-- DATA TO PROCESS follows --

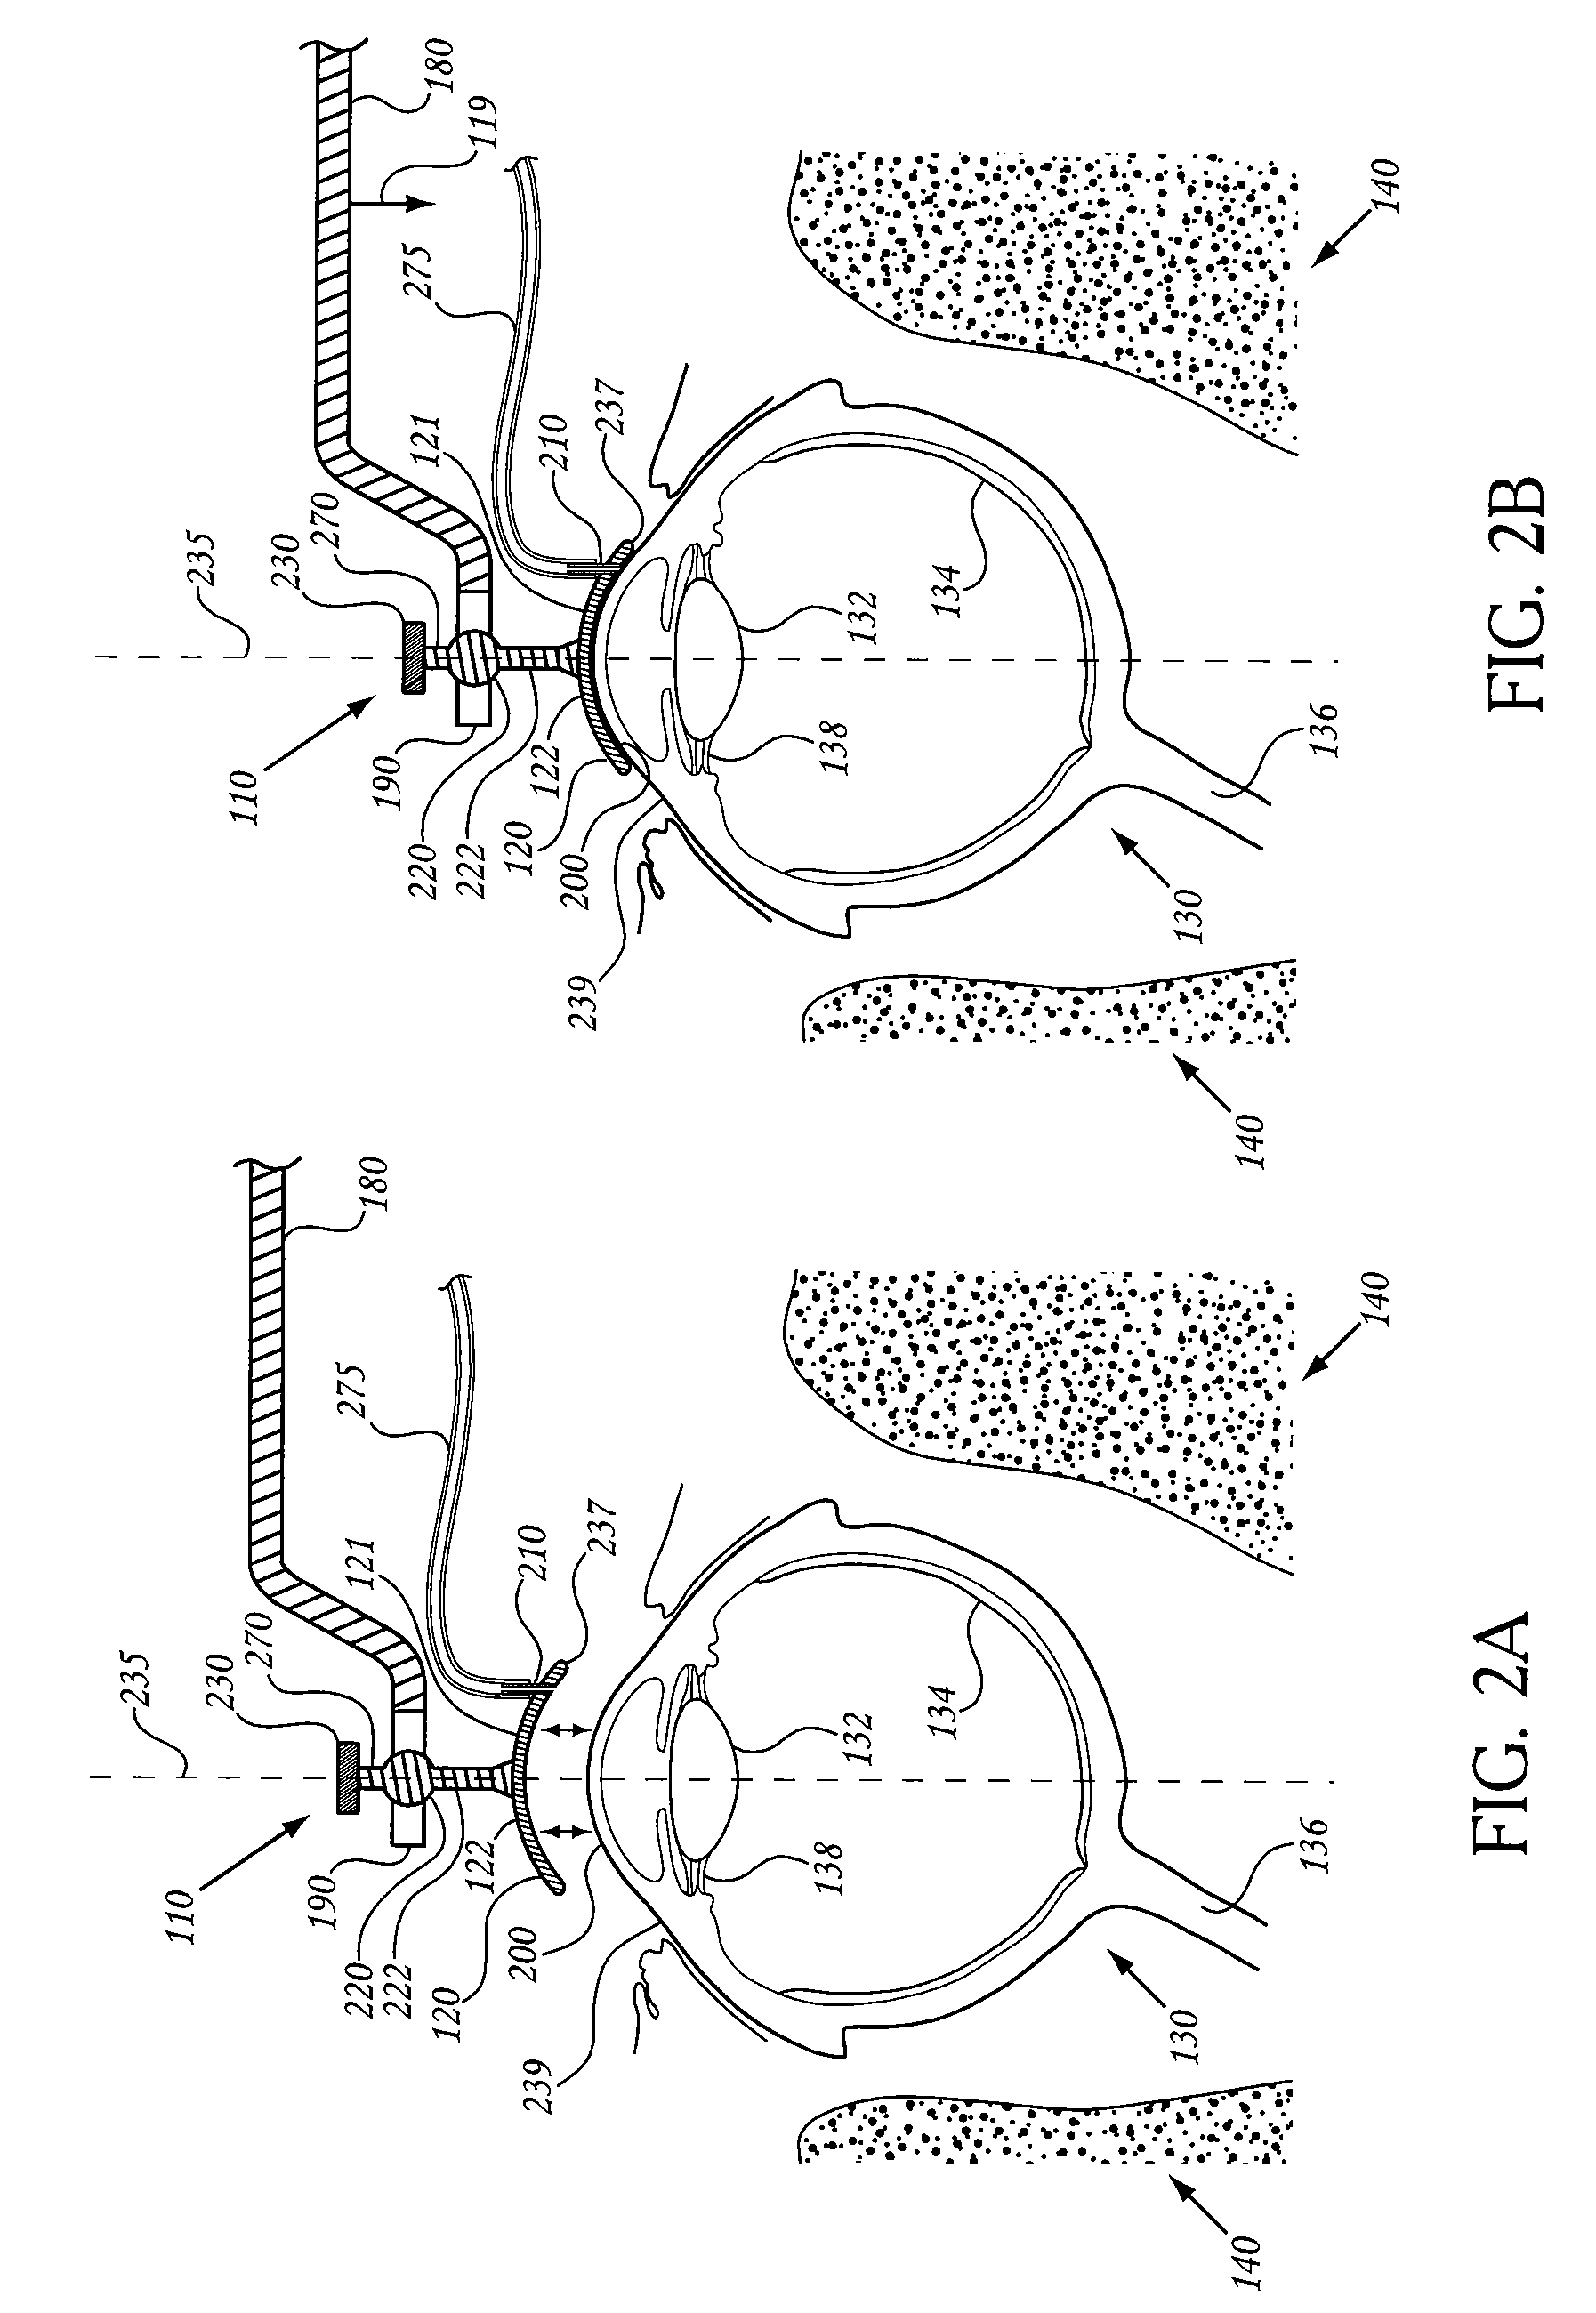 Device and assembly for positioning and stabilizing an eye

-- DATA TO PROCESS concluded --
-- DATA TO PROCESS follows --

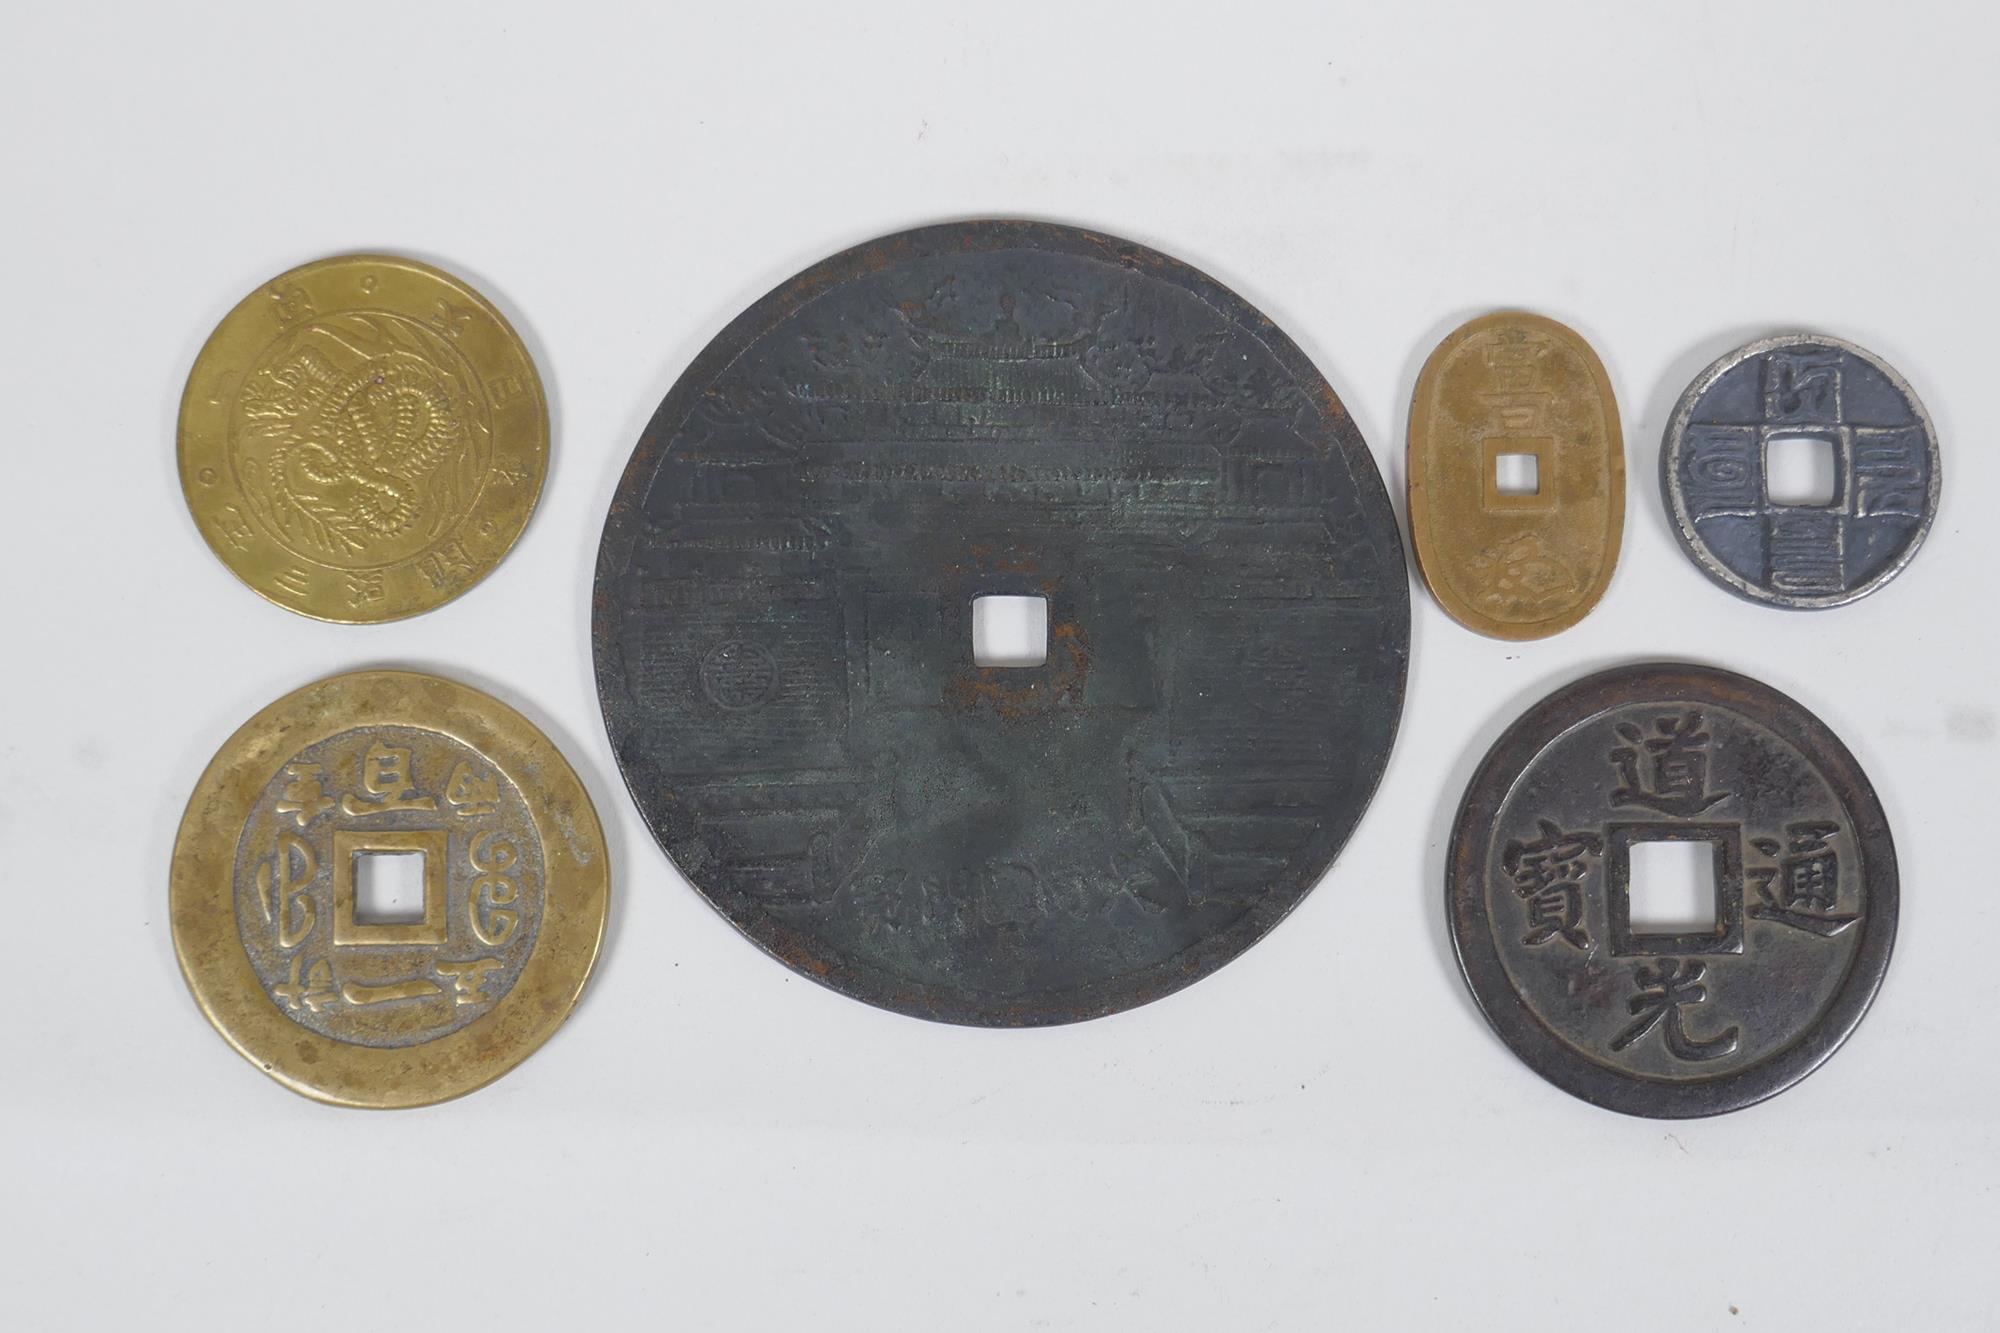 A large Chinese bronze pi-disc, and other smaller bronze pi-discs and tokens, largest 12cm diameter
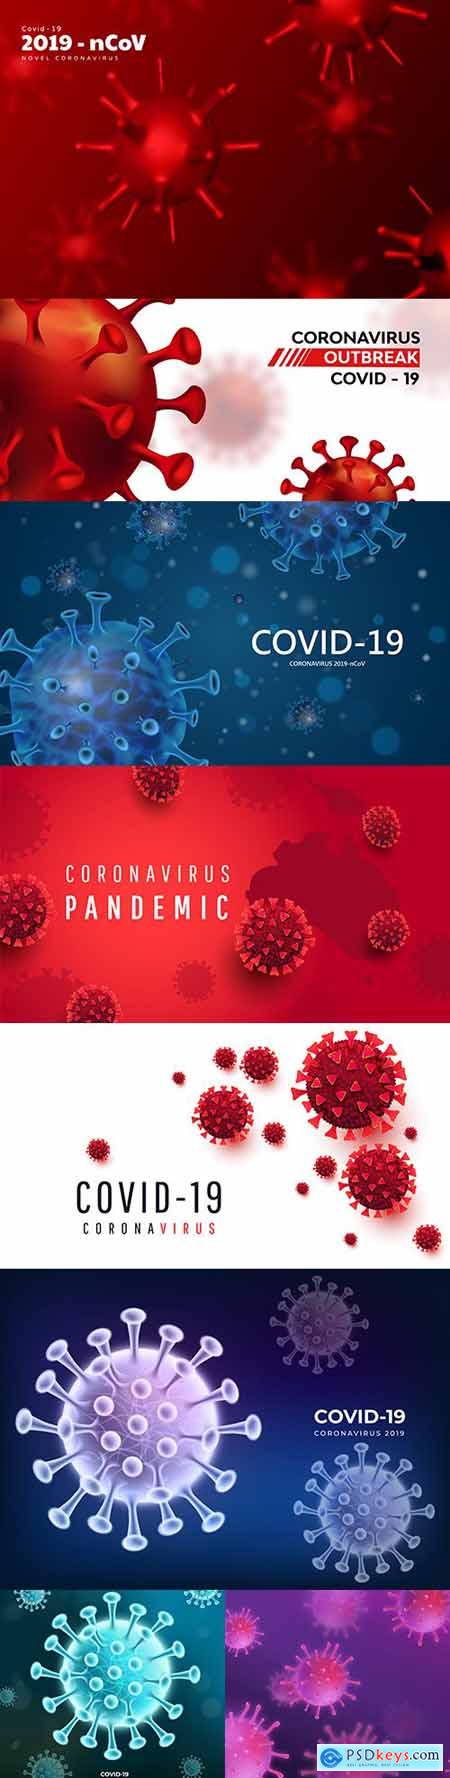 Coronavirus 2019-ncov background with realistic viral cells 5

-- DATA TO PROCESS concluded --
-- DATA TO PROCESS follows --

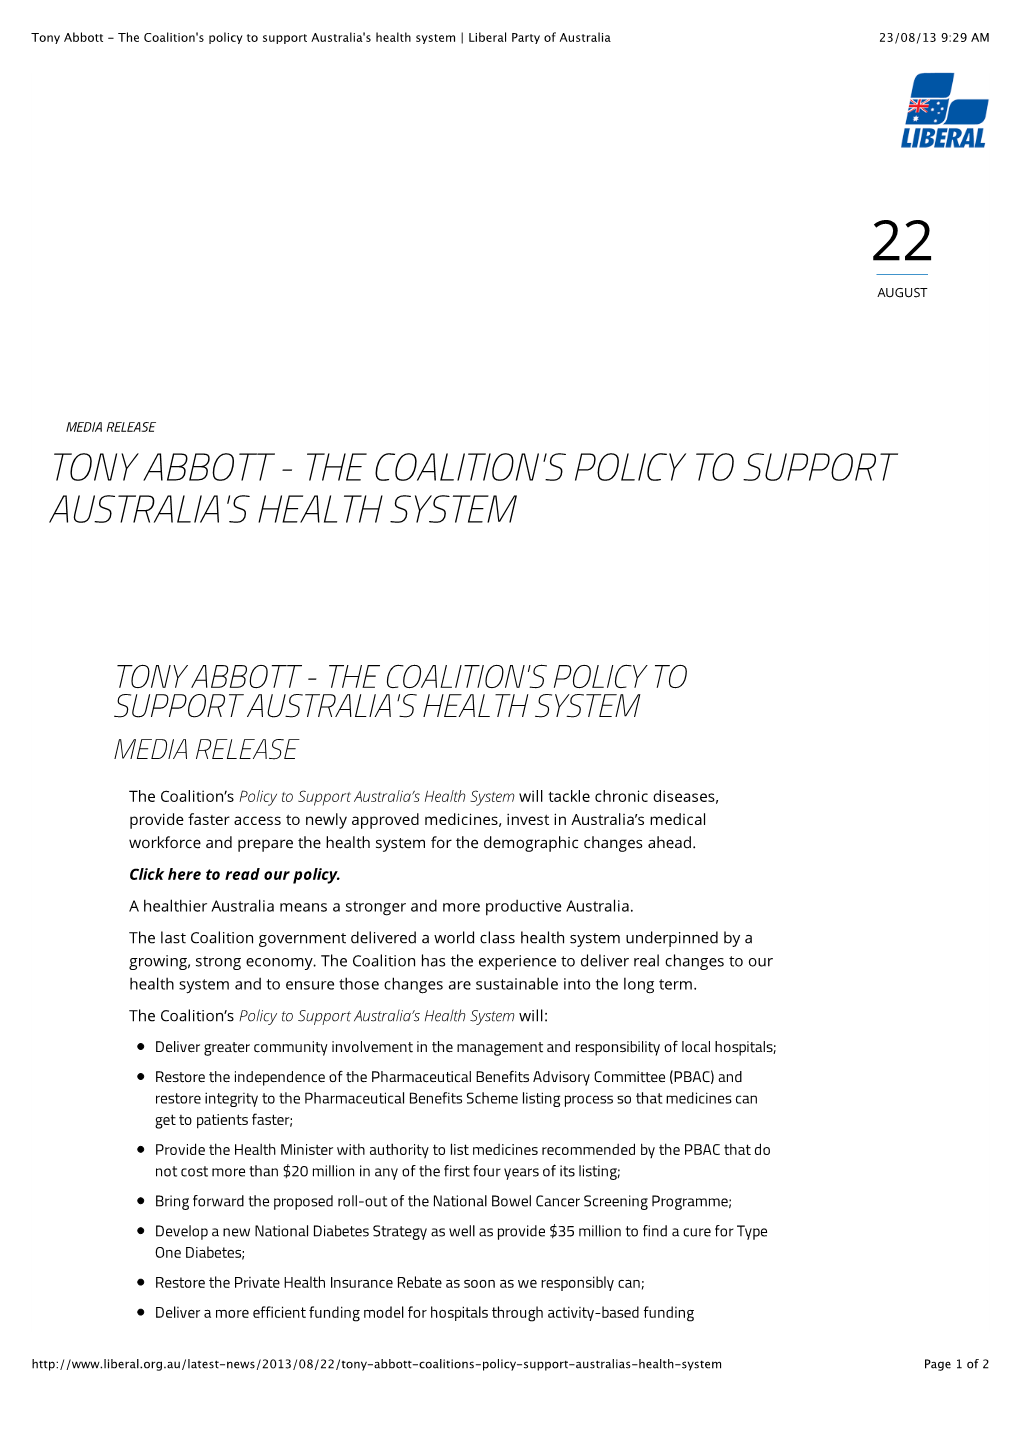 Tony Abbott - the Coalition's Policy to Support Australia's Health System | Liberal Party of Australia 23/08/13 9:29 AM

-- DATA TO PROCESS concluded --

**DESCRIPTION OF THE TASK:** All that is wanted is the lines above between the one containing "A large Chinese" and the one containing "Coronavirus 2019-ncov background", inclusive, restated word for word, with pictures omitted.

**SOLUTION TO THE EXERCISE:**
 A large Chinese bronze pi-disc, and other smaller bronze pi-discs and tokens, largest 12cm diameter
 Coronavirus 2019-ncov background with realistic viral cells 5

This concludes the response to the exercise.